Este espacio está formado por notas periodísticas y datos publicados en diferentes fechas, cumpliendo con su lado de ciencias de la comunicación y por su lado de negocios, enfocado al monopolio que crean las empresas televisivas y su impacto en el país, especialmente en lo económico y lo social.

La problemática que busca resolver este blog, tiene como base la pérdida de identidad como cultura, la dependencia y no individualidad de opiniones que en cierta forma los monopolios alimentan, donde su principal objetivo son las ganancias.
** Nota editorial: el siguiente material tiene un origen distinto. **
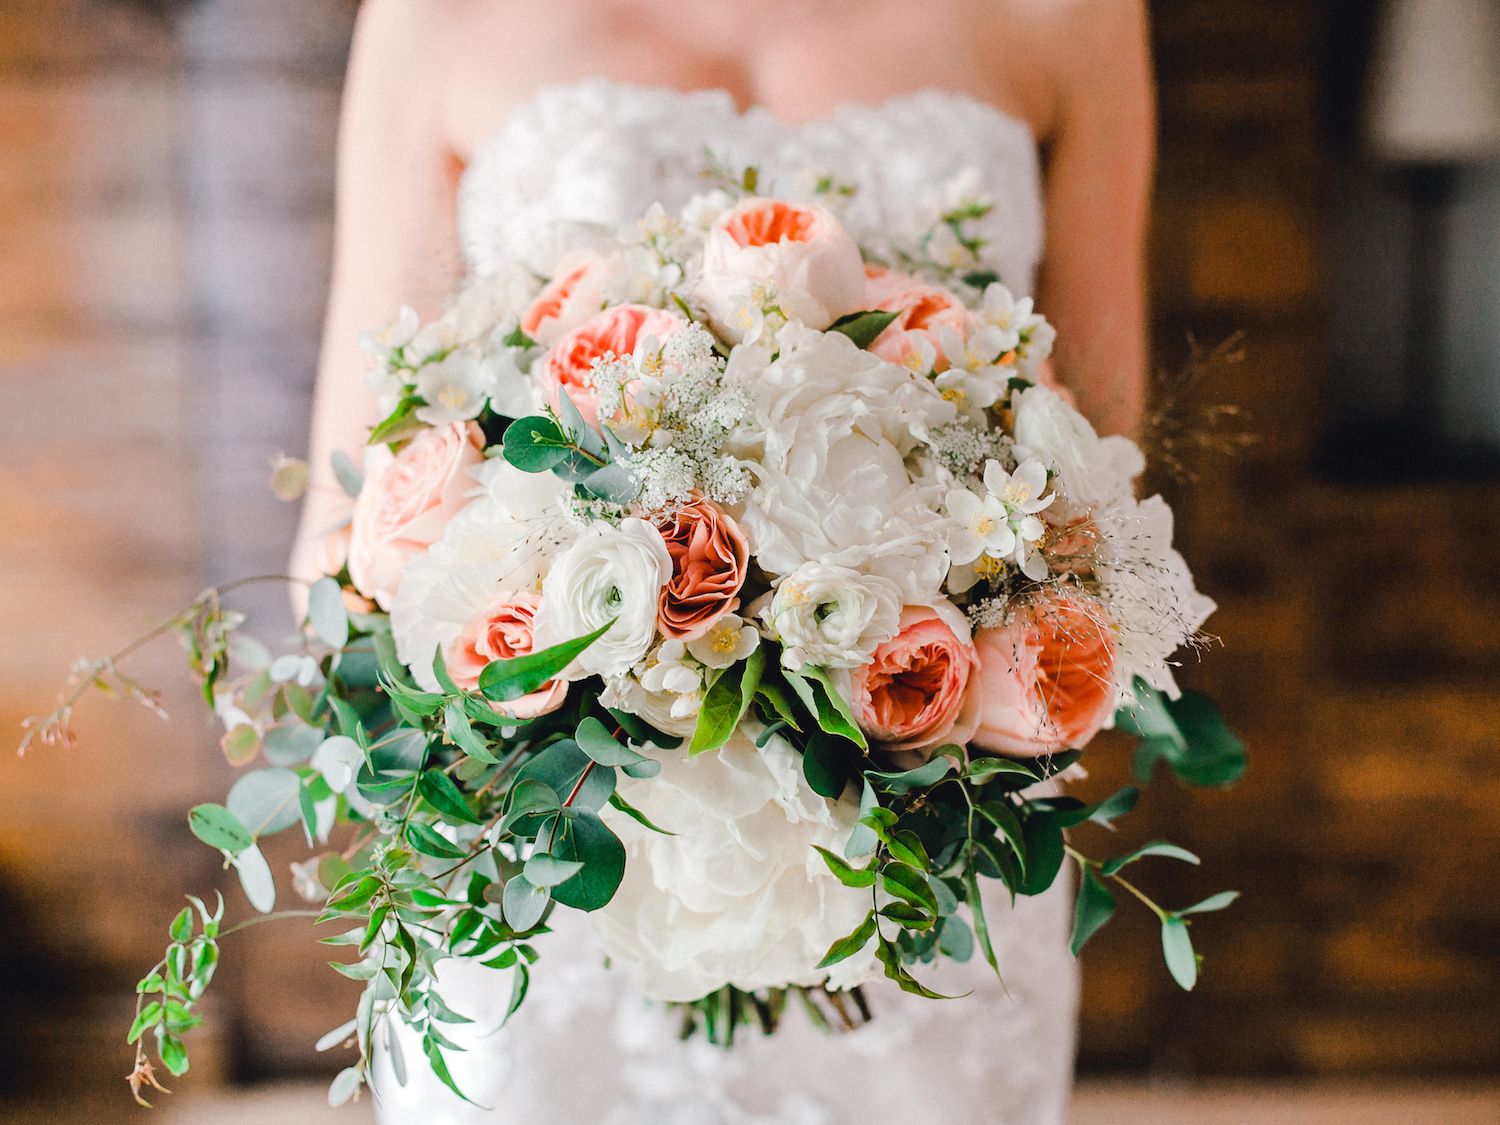 Bride's bouquet with garden roses, peonies, and hydrangeas for a summer wedding

Enfocándose en el tema de la televisión que es un medio masivo de comunicación, este puente hacia las personas busca dar herramientas para que cada quién se informe y pueda defenderse frente a este tipo de casos, donde existen empresas que buscan en gran medida su satisfacción propia y no le brindan al ciudadano el servicio que se supondría recibirían de su parte.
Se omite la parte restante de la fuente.